STUDY DESIGN: Prospective randomized study.
METHODS: This was a prospective study of patients scheduled for ML randomized into two groups according to relaxant. Neuromuscular blockade was recorded after administration and during ML surgery. Surgical conditions were assessed using the ML Rating Scale, intubation conditions, remifentanil doses, intraoperative complications, surgery time, emergence time, and complications in the postanesthesia care unit.
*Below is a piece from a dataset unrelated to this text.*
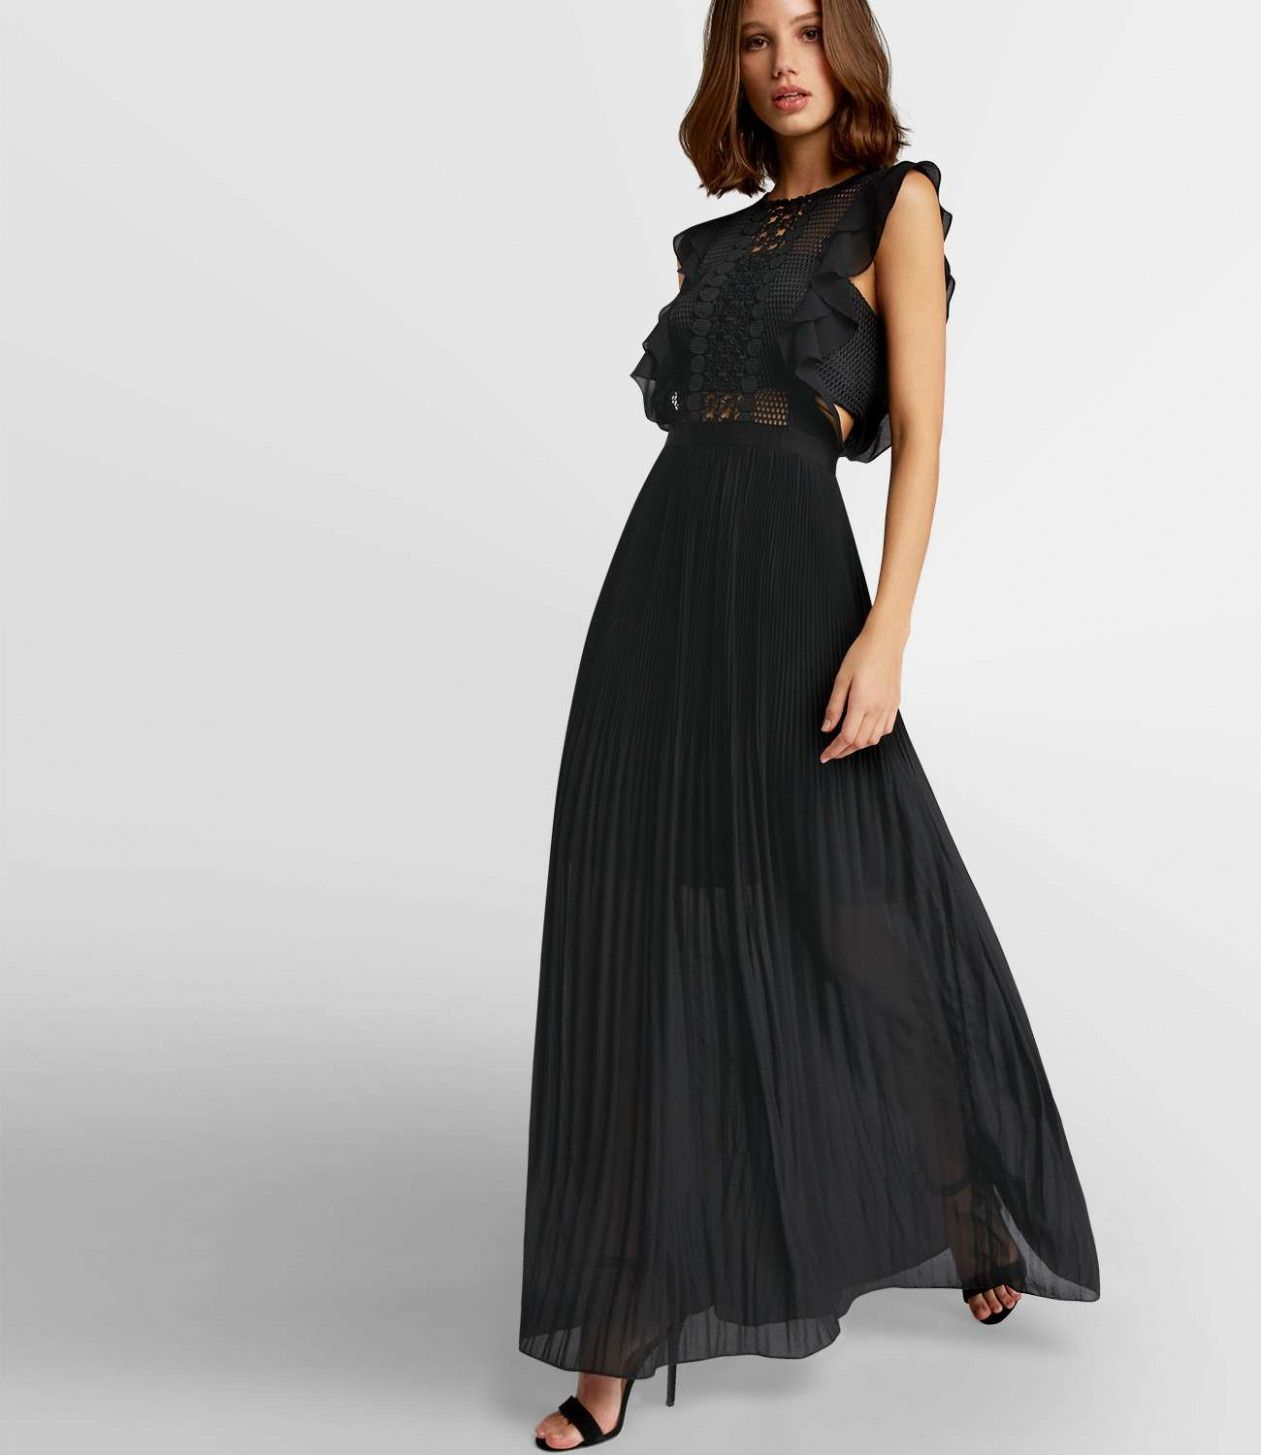 15 langes abendkleid schwarz | abendkleid, abendkleid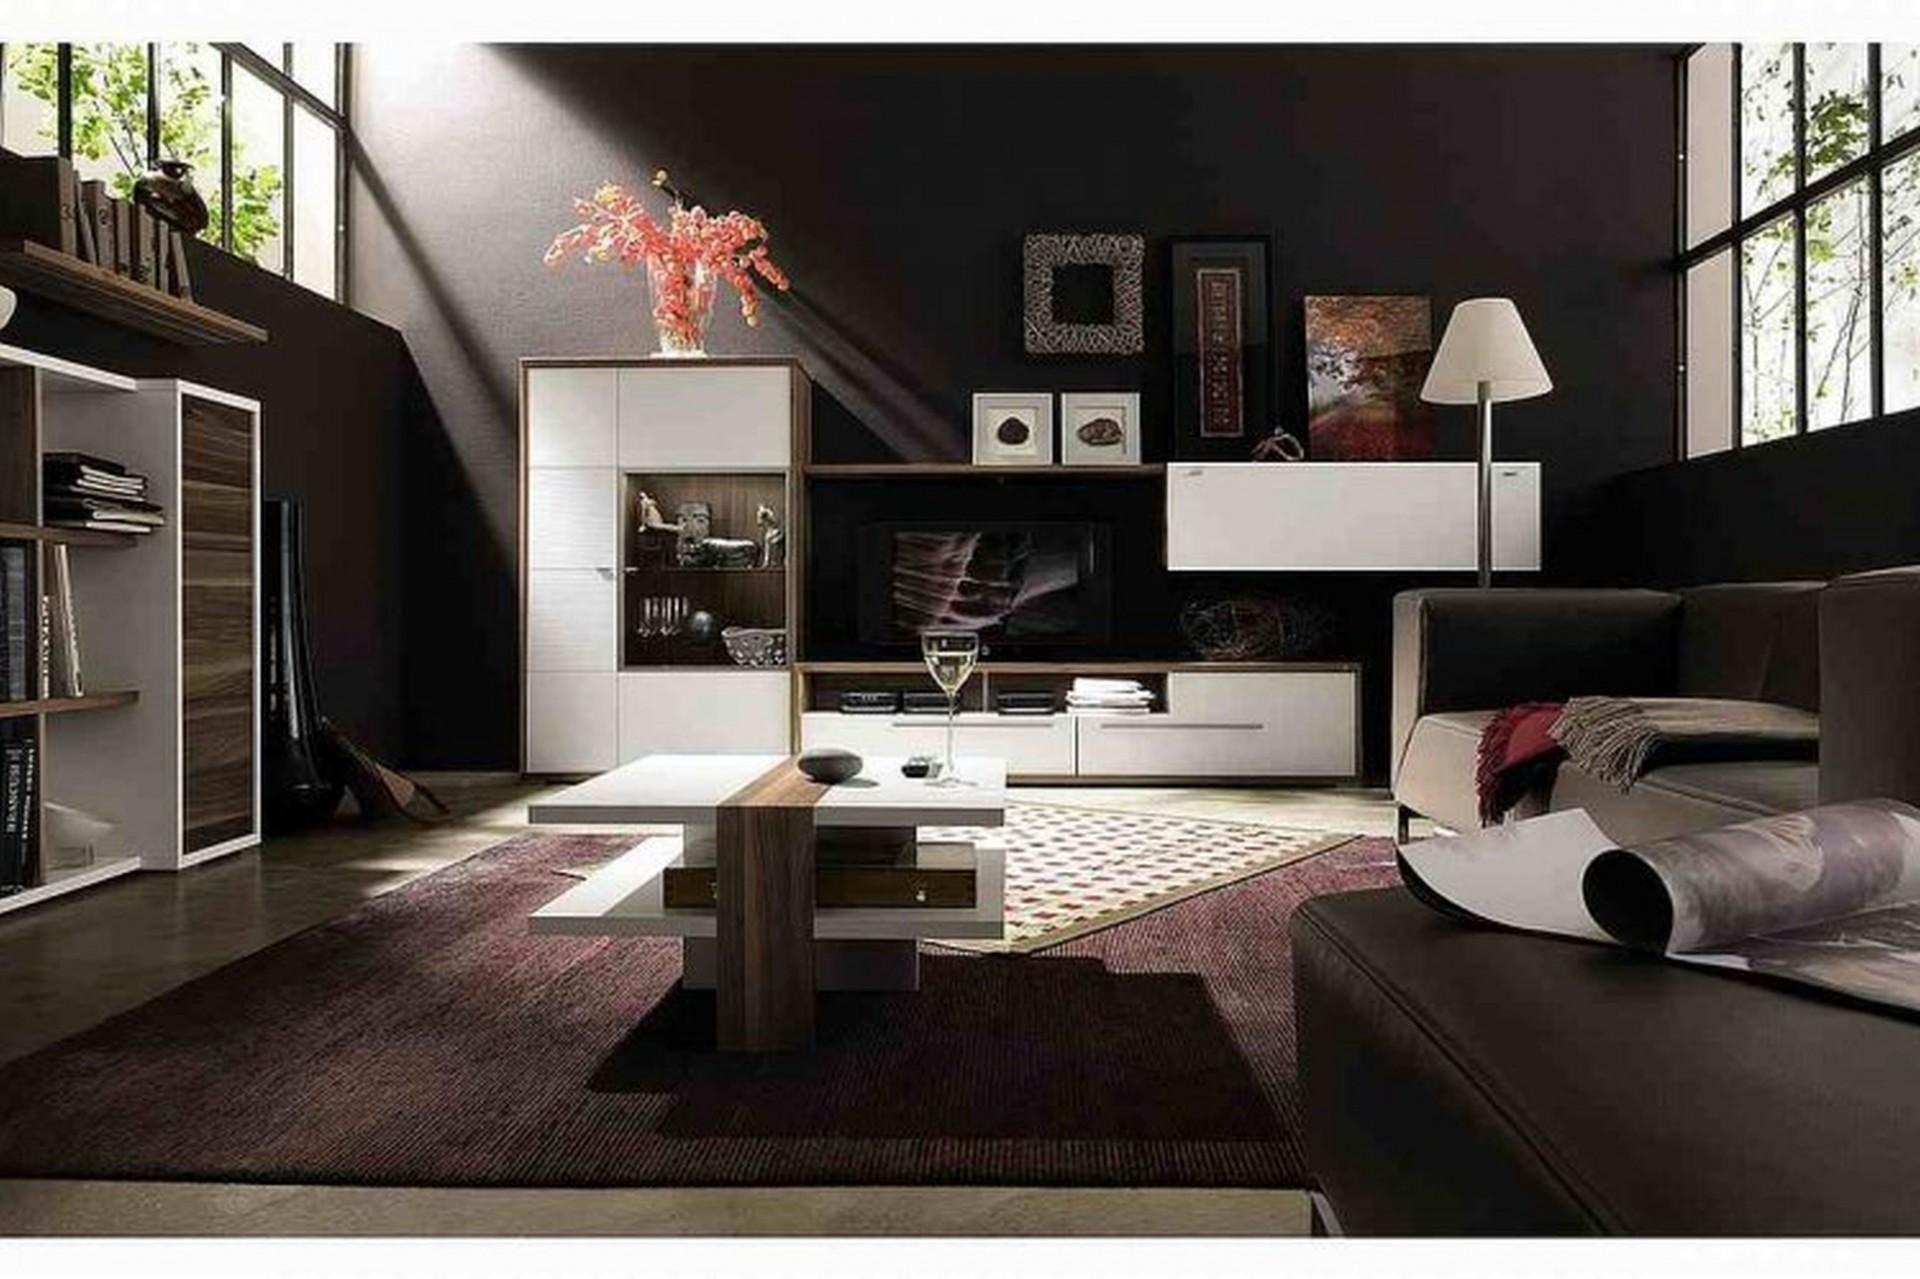 комната в коричневом стиле  № 1730696 без смс

RESULTS: Two hundred five patients were included (rocuronium = 103, succinylcholine = 102). Train-of-four values were higher for rocuronium, though the otorhinolaryngology surgical conditions were significantly better in that group (rocuronium = 5.54 ± 1.39 points; succinylcholine = 9.13 ± 1.99 points). Intubation conditions were similar in both groups. Remifentanil doses were higher for succinylcholine (P < .001) (rocuronium = 0.102 ± 0.05 μg/kg/min; succinylcholine = 0.201 ± 0.05 μg/kg/min). There were no differences in the duration of surgery, but the time to awakening was significantly longer for succinylcholine (rocuronium = 3.82 ± 1.38 minutes, succinylcholine = 9.18 ± 2.04 minutes, P < .001).
CONCLUSIONS: Rocuronium provides better surgical conditions and allows for the use of lower doses of remifentanil as compared to succinylcholine and cisatracurium in ML. This makes it possible to decrease the time to awakening and the complications associated with high doses of remifentanil.
LEVEL OF EVIDENCE: 1b Laryngoscope, 2020.